Now the Revised Standard Version translates these literally as the third hour, the sixth hour and the ninth hour.  But what it is really referring to in contemporary parlance is he goes out again at 9 AM — that's the third hour — then he goes out again at noon — which would be the sixth hour — and then he goes out again at the ninth hour — which would be 3 PM.  And each time he goes out he brings in more laborers, as he finds these men standing idle in the marketplace, and invites them to come work in his fields.  Now you'll notice there that the last group he goes to, it says he went to them at the “11th hour.”  The 11th hour would be around 5 PM in the afternoon, and he says to them these interesting words, “why do you stand here idle all day?”  So these guys have been waiting around for work for some time and they respond to him by saying “because no one has hired us.”  And he says “okay, well you too, you come into my vineyard and work it.”  Now in those days they couldn't put up spotlights or streetlights and work in the dark, they didn’t have flashlights.  So once the sun would set, the day's work was over in the field and you would have to wait until the morning to begin again.
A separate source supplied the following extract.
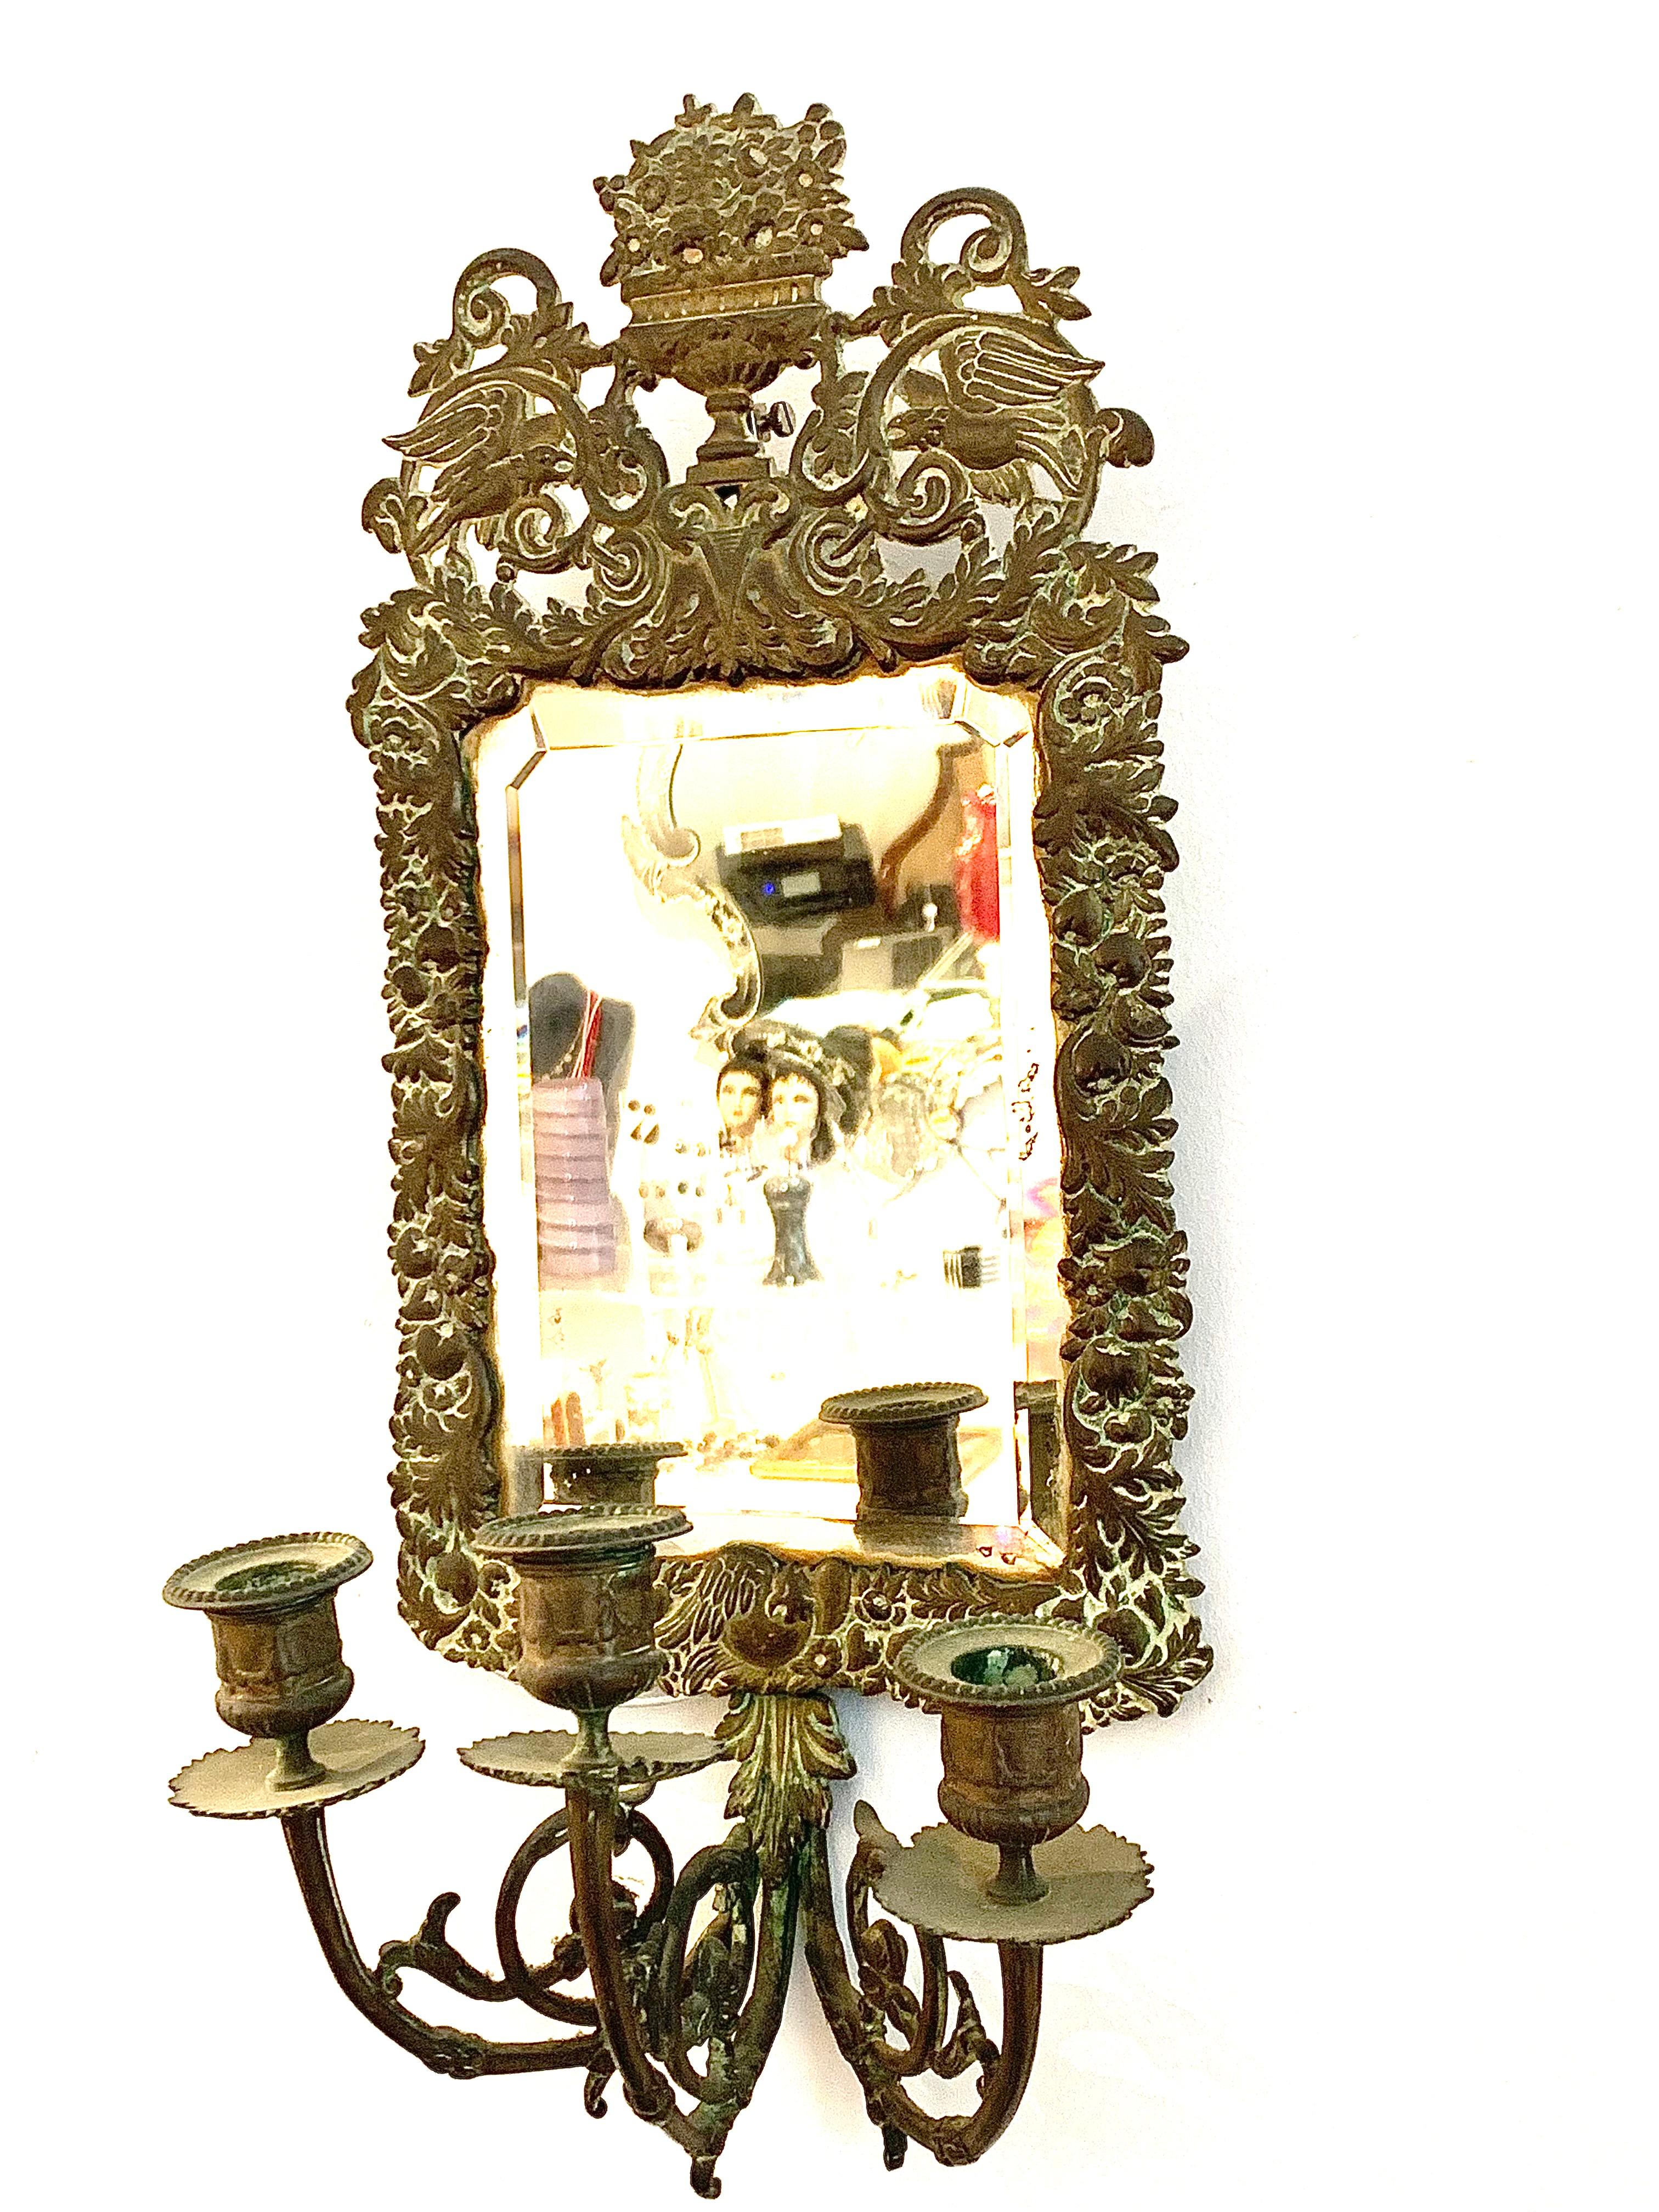 Antique 18th Century Double Eagle Wall Mirrors Candle Sconces Repoussé Brass In Good Condition For Sale In Munich, DE

So these guys are called at 5 PM to come and work the field.  Now in verse eight it says that “when evening came” — which would be around 6 PM, right around sunset time — “the owner of the vineyard says to ‘call the laborers and give them their wages’, but start with the last and go toward the first.’”  I want you to feel the force of this, the difference between the first and last guys who were working the fields is pretty great when you really put it in context.  The men who were called last work from 5 PM to 6 PM, they worked for one hour in the cool of the evening.  The men who were called first worked from 6 AM to 6 PM, so they pulled a 12 hour shift in the heat of the day, as they said, “in the scorching heat,” harvesting the grapes.  And as the owner of the vineyard starts to pay them, he starts with the guys who were hired at 5 o'clock and he gives them one denarius.  Now as soon as the guys who started at 6 AM see that, their natural assumption is going to be “well if these guys got paid a denarius for one hours work, then I should make at least 12 times as much because I worked a 12-hour shift.”  Instead the master gives them each the exact same, one denarius, no matter how long they worked.  Now put yourself in the shoes of the guys who got out there at 6 AM.  I don't know if you ever pulled a day's labor out in the sun, out in the fields, outside doing yard work or whatever for 12 hours in the sun, it's not fun.  It's hard work.  And you can imagine that the guys who got there first thing in the morning were really upset, that what the master had done was unjust.  It was unfair for guys who had come in at 5 PM, to work in the cool of the evening, to get the same amount of money that they got, working through the entire day.

So what's this all about?  Well remember what Jesus did.  He began the parable by saying “this is what the kingdom of heaven is like.”  So every time Jesus gives a parable in Matthew’s Gospel — at least almost every time — he compares it to the kingdom.  It's a story that's meant to illustrate the kingdom.  And you might recall from earlier videos, as I’ve said, that there's always some kind of twist in the parables, or something unexpected in the parables.  In this case the twist is that this vineyard owner is crazy.  It seems unjust.  It seems unfair.  What person would pay someone who worked one hour the same wage as someone who worked 12 hours?  It just seems crazy.  At the very least it seems unfair, it seems unjust.  So they start to grumble at the owner of the vineyard, and his response to them is the key.  He says to them, first and foremost, I'm not unjust because you agreed with me for a denarius.  So I haven't given you any less than you said you would work for.  So he hasn't shortchanged them anything.  That is the first point.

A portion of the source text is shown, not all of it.